Provided material:
⁂

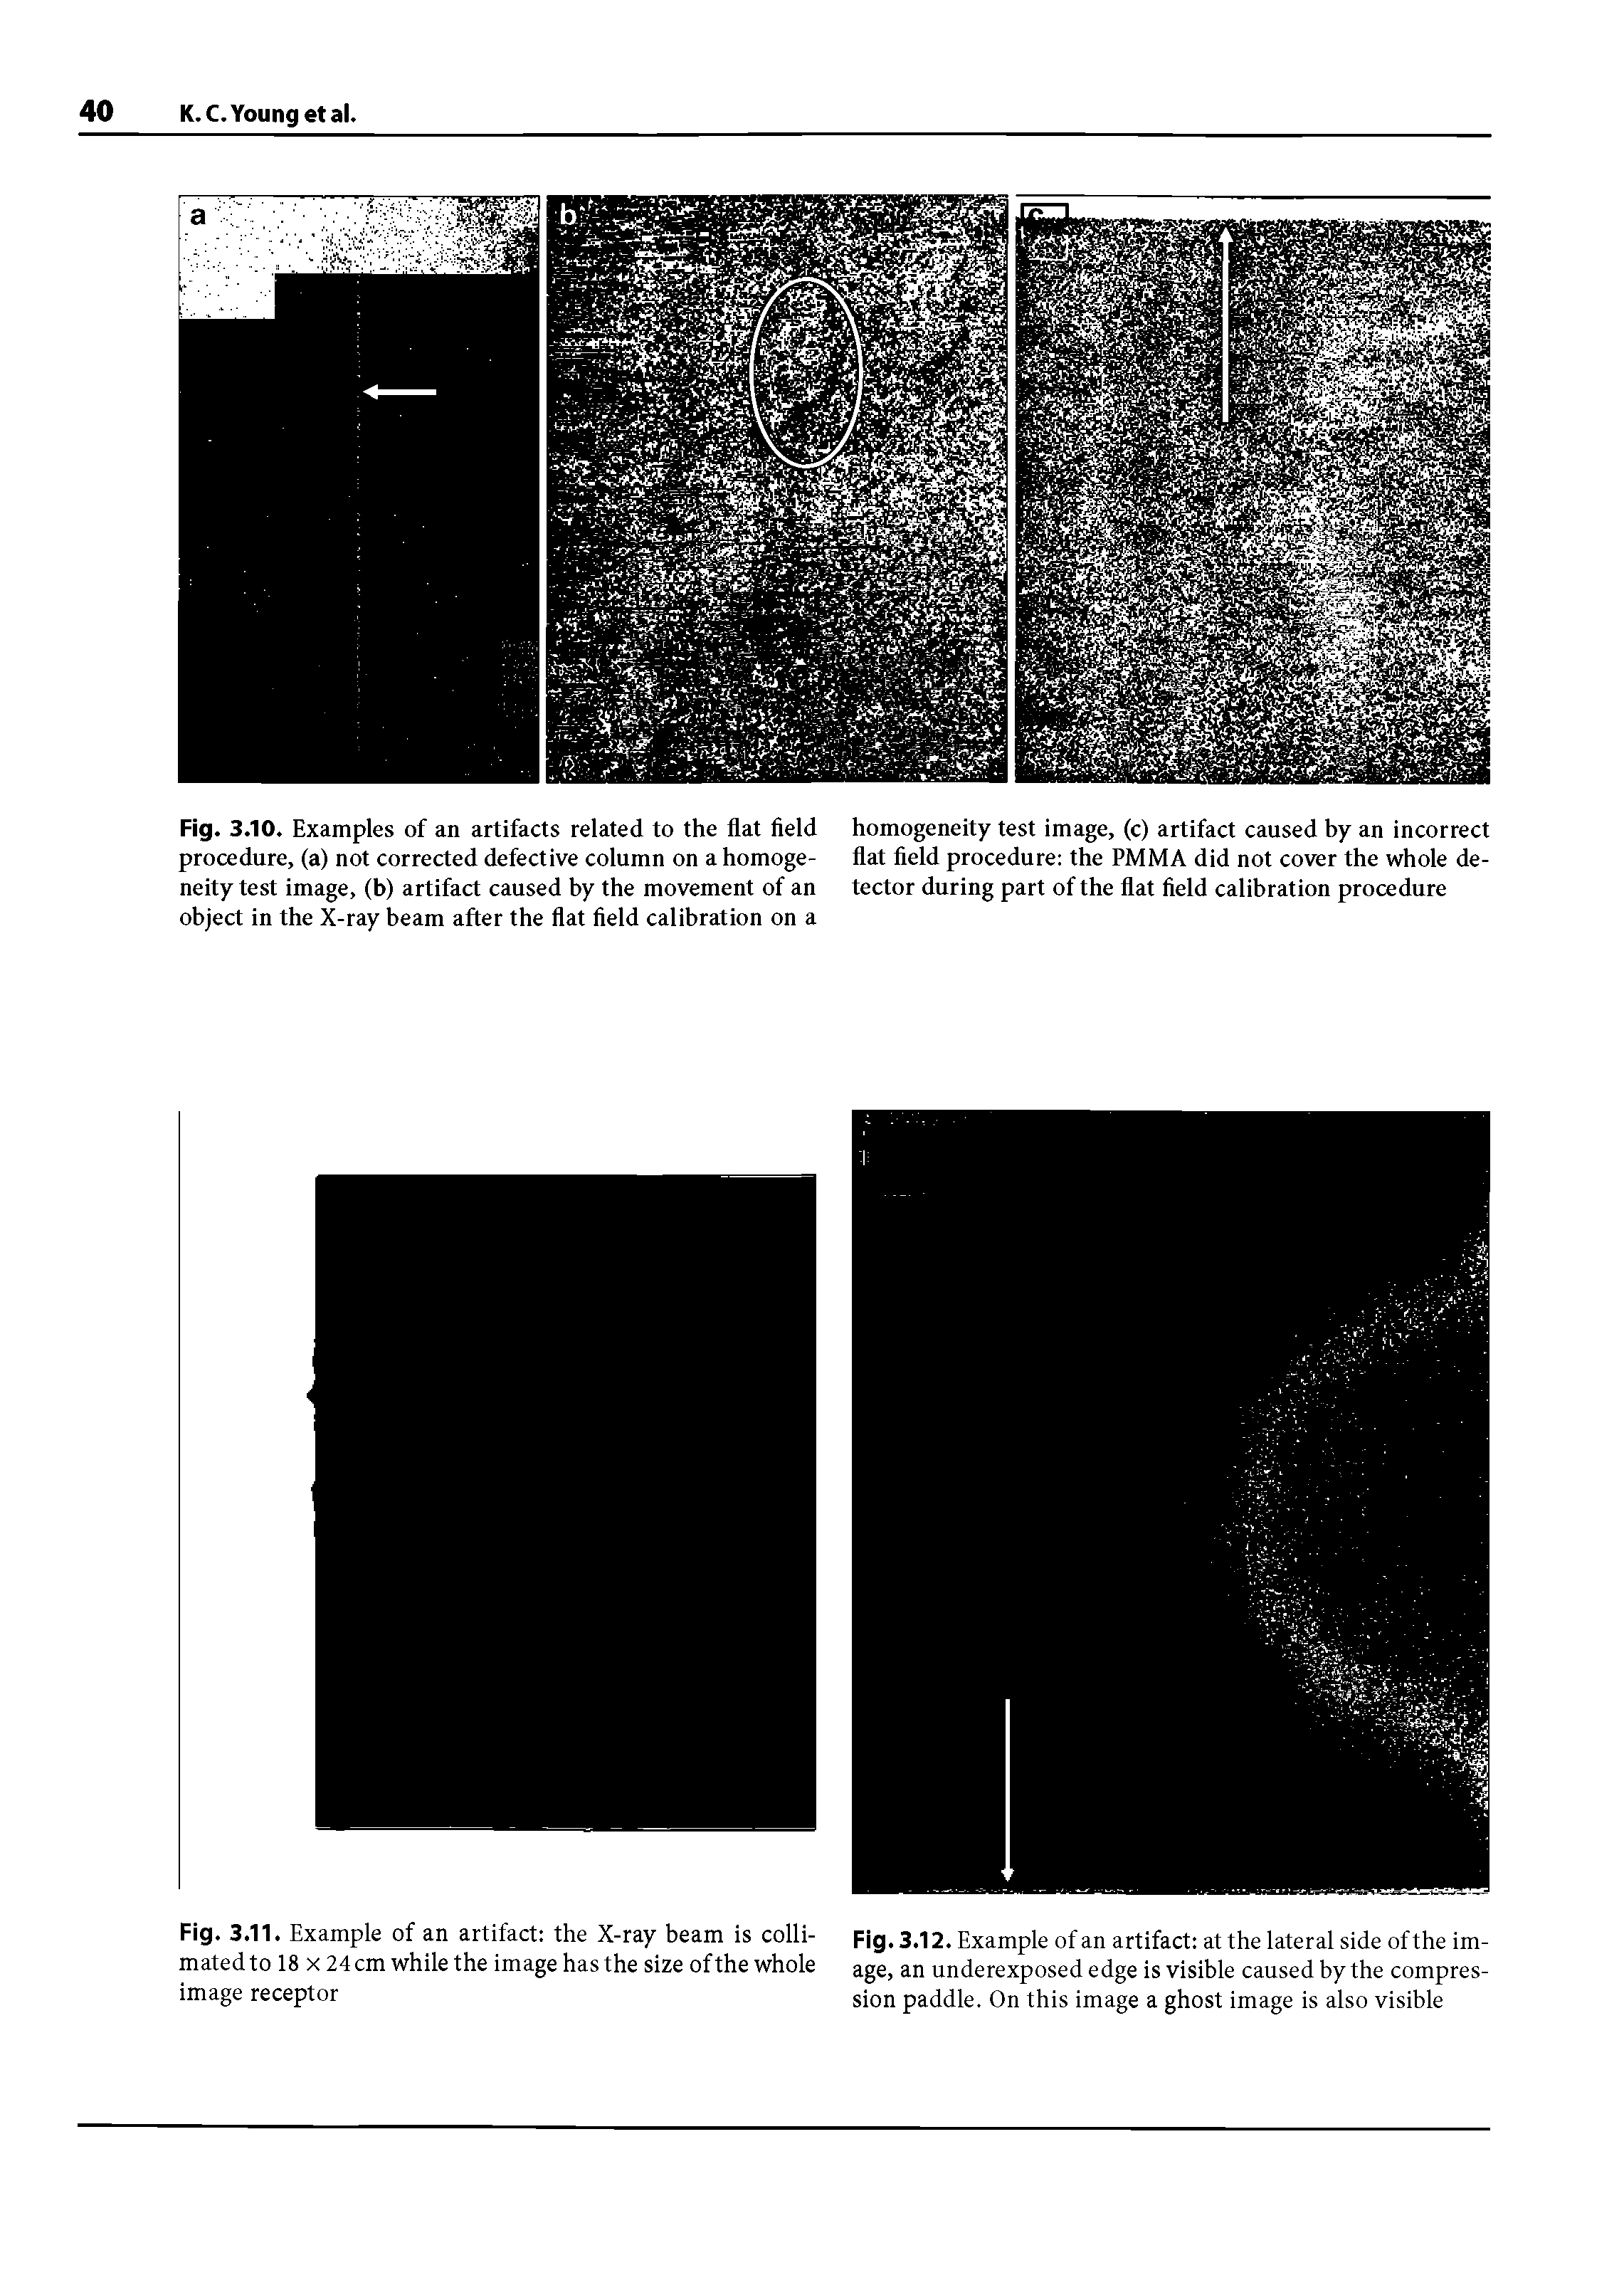 Fig. 3.12. Example of an artifact at the lateral side of the image, an underexposed edge is visible caused by the compression paddle. On this image a ghost image is also visible...
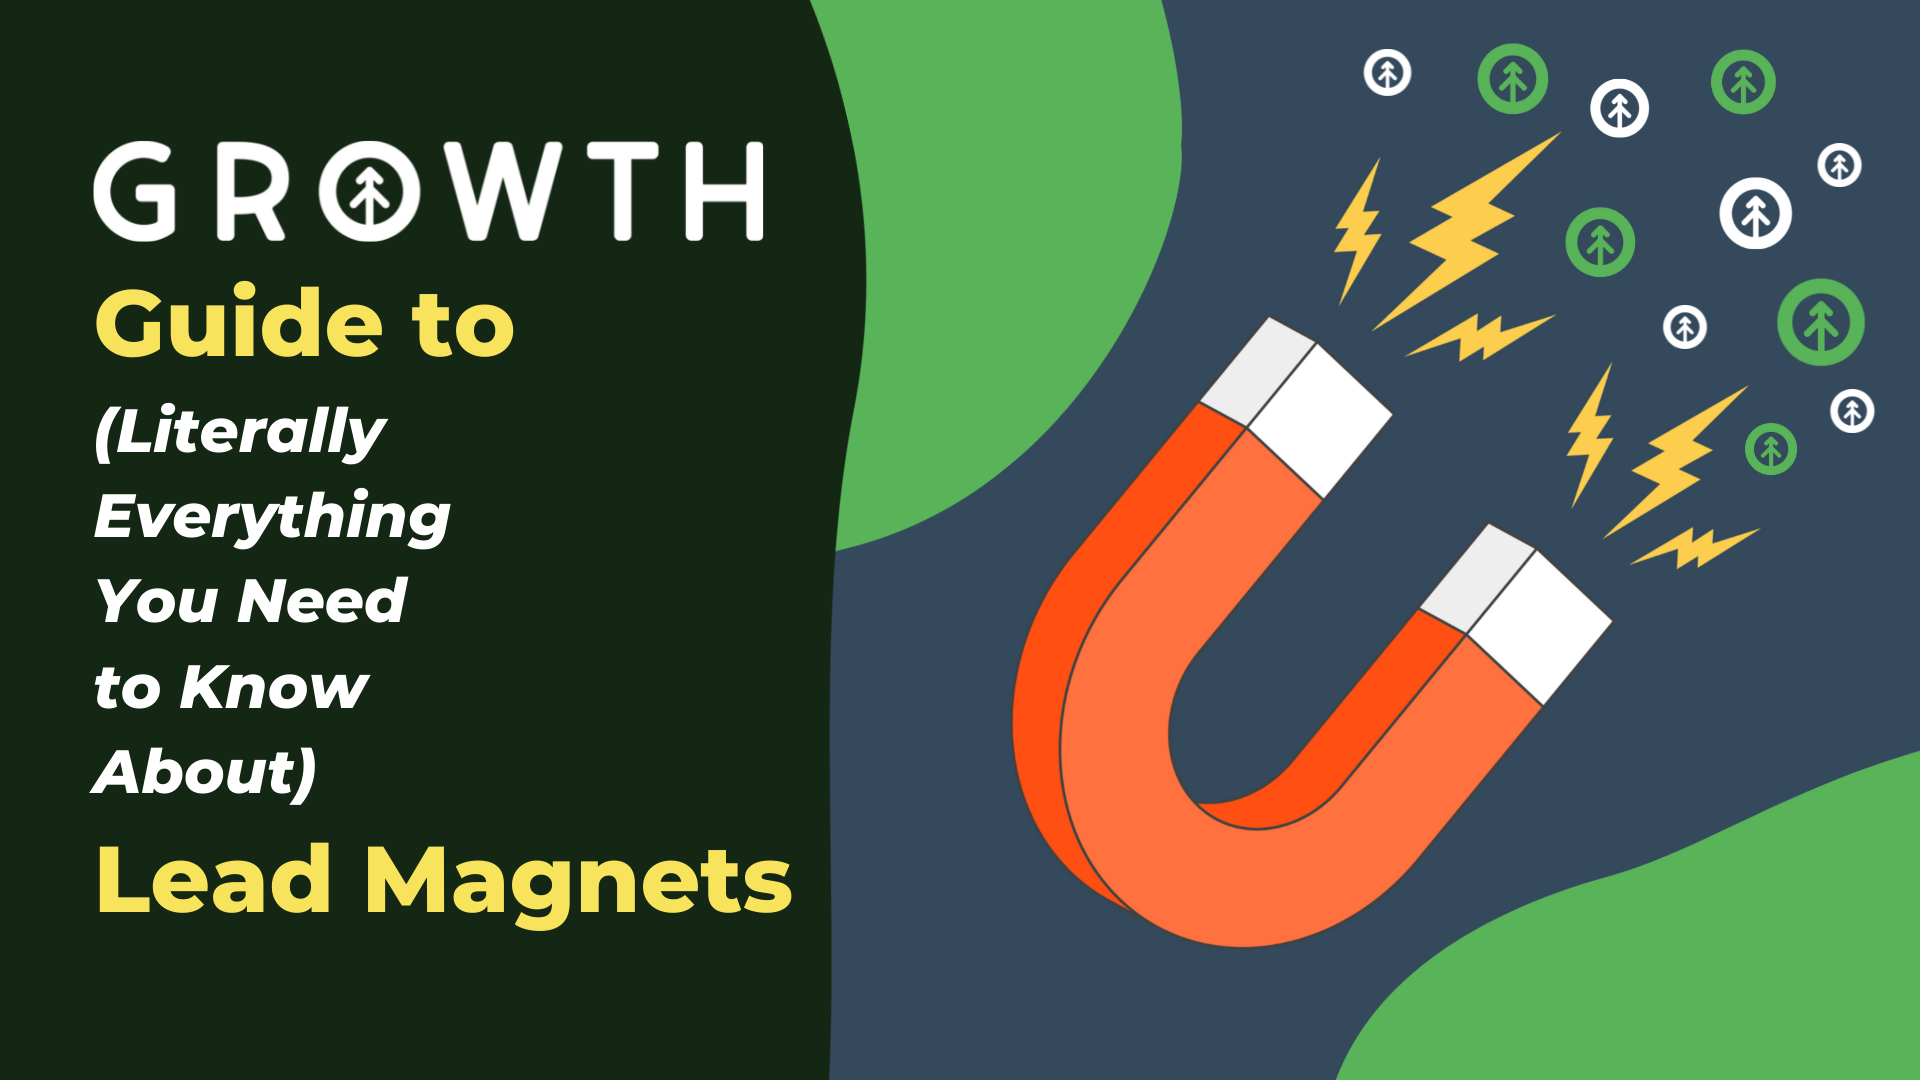 The Growth Guide to Lead Magnets
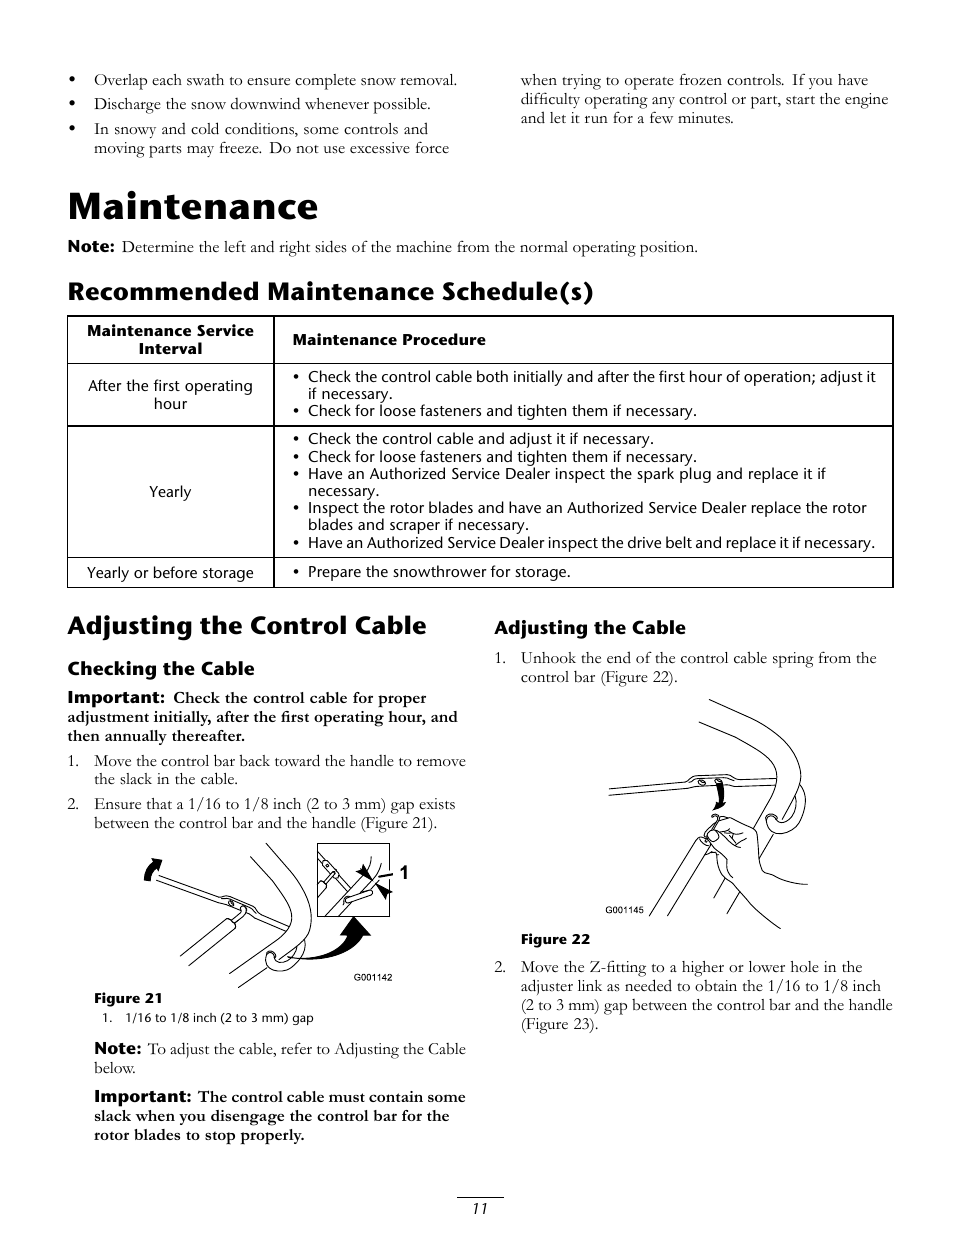 Maintenance, Recommended maintenance schedule(s), Adjusting the control

⁂

Work order: What you return should match the material line for line, with the images removed.

Task output:
 Fig. 3.12. Example of an artifact at the lateral side of the image, an underexposed edge is visible caused by the compression paddle. On this image a ghost image is also visible...
 The Growth Guide to Lead Magnets
 Maintenance, Recommended maintenance schedule(s), Adjusting the control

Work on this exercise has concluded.